Why bring all this back to mind? It is because the 39 year-long tyranny of Robert Mugabe has come to an end. It has all turned out exactly as we defenders of Rhodesia predicted. We knew in the mid-seventies that Mugabe, Joshua Nkomo and other self-appointed African leaders and ‘freedom fighters’ were really communist-supported thugs whose cruel and ruthless treatment of fellow-Africans who opposed them gave clear warning of what sort of misrule would occur if they ever got control of the nation.
Under Mugabe not only many whites but large numbers of blacks were treated abominably; yet there was no worldwide campaign, backed by the UNO, to free them from the new tyranny. That is surely one of the signs that the anti-Smith campaign was never genuine, but was motivated by interests and policies undeclared at the time, and perhaps still unacknowledged, because they could never have gained the widespread public support needed to carry out the execution of Rhodesia.

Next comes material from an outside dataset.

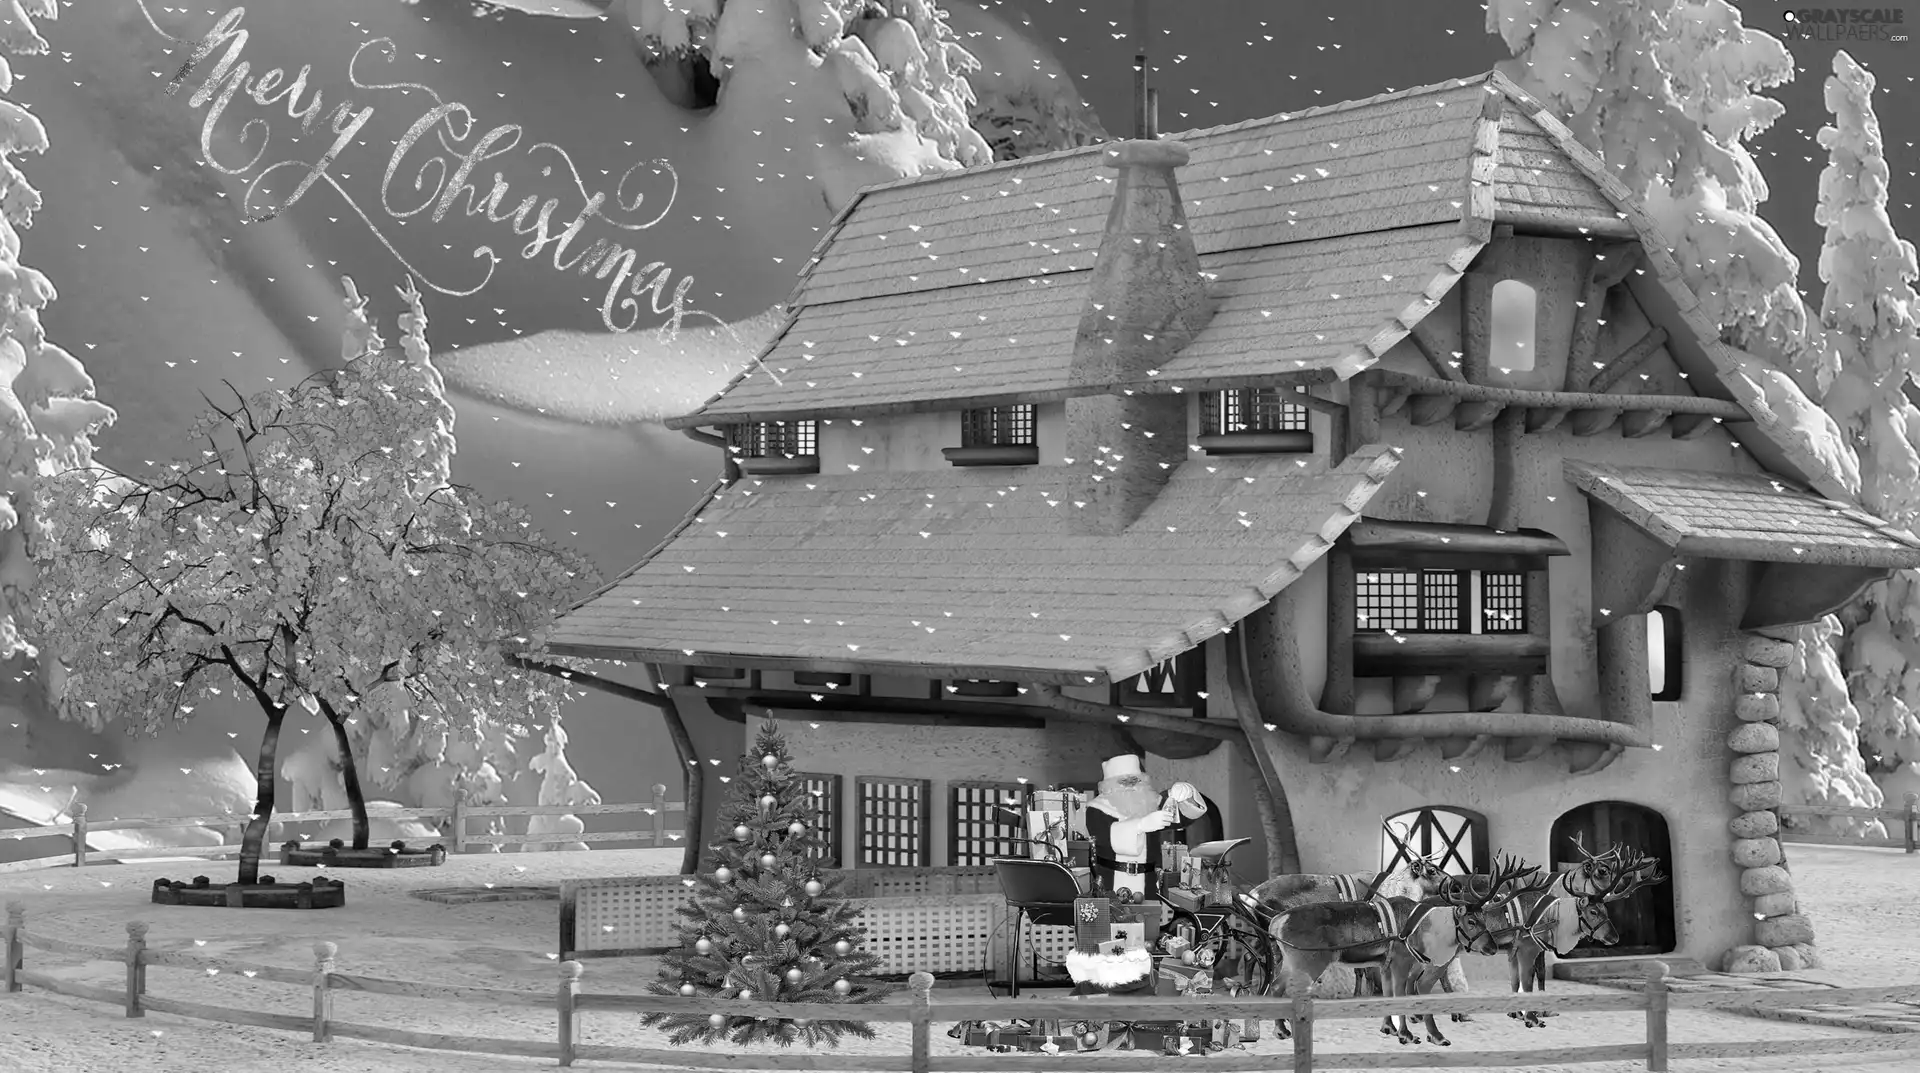 house, Christmas, Santa, christmas tree, fence, graphics, ##, snow, winter, text, team

We now know that the governments of Rhodesia and South Africa at that time contained traitors in high places white-anting their efforts to protect their European-led political orders. Some of these persons had no doubt been suborned by powerful financial interests outside the region; others were perhaps simply left-wing or Marxist fanatics.
Mugabe has gone. It may be long, however, before any political order rises up in Zimbabwe as equitable and honourable as that under Ian Smith. In the meantime it is to be hoped that some brave and gifted historian will undertake the massive task of journalistic research that is necessary to uncover what the full truth is about the tragedy of Rhodesia (and South Africa and the Portuguese overseas provinces of Mozambique and Angola).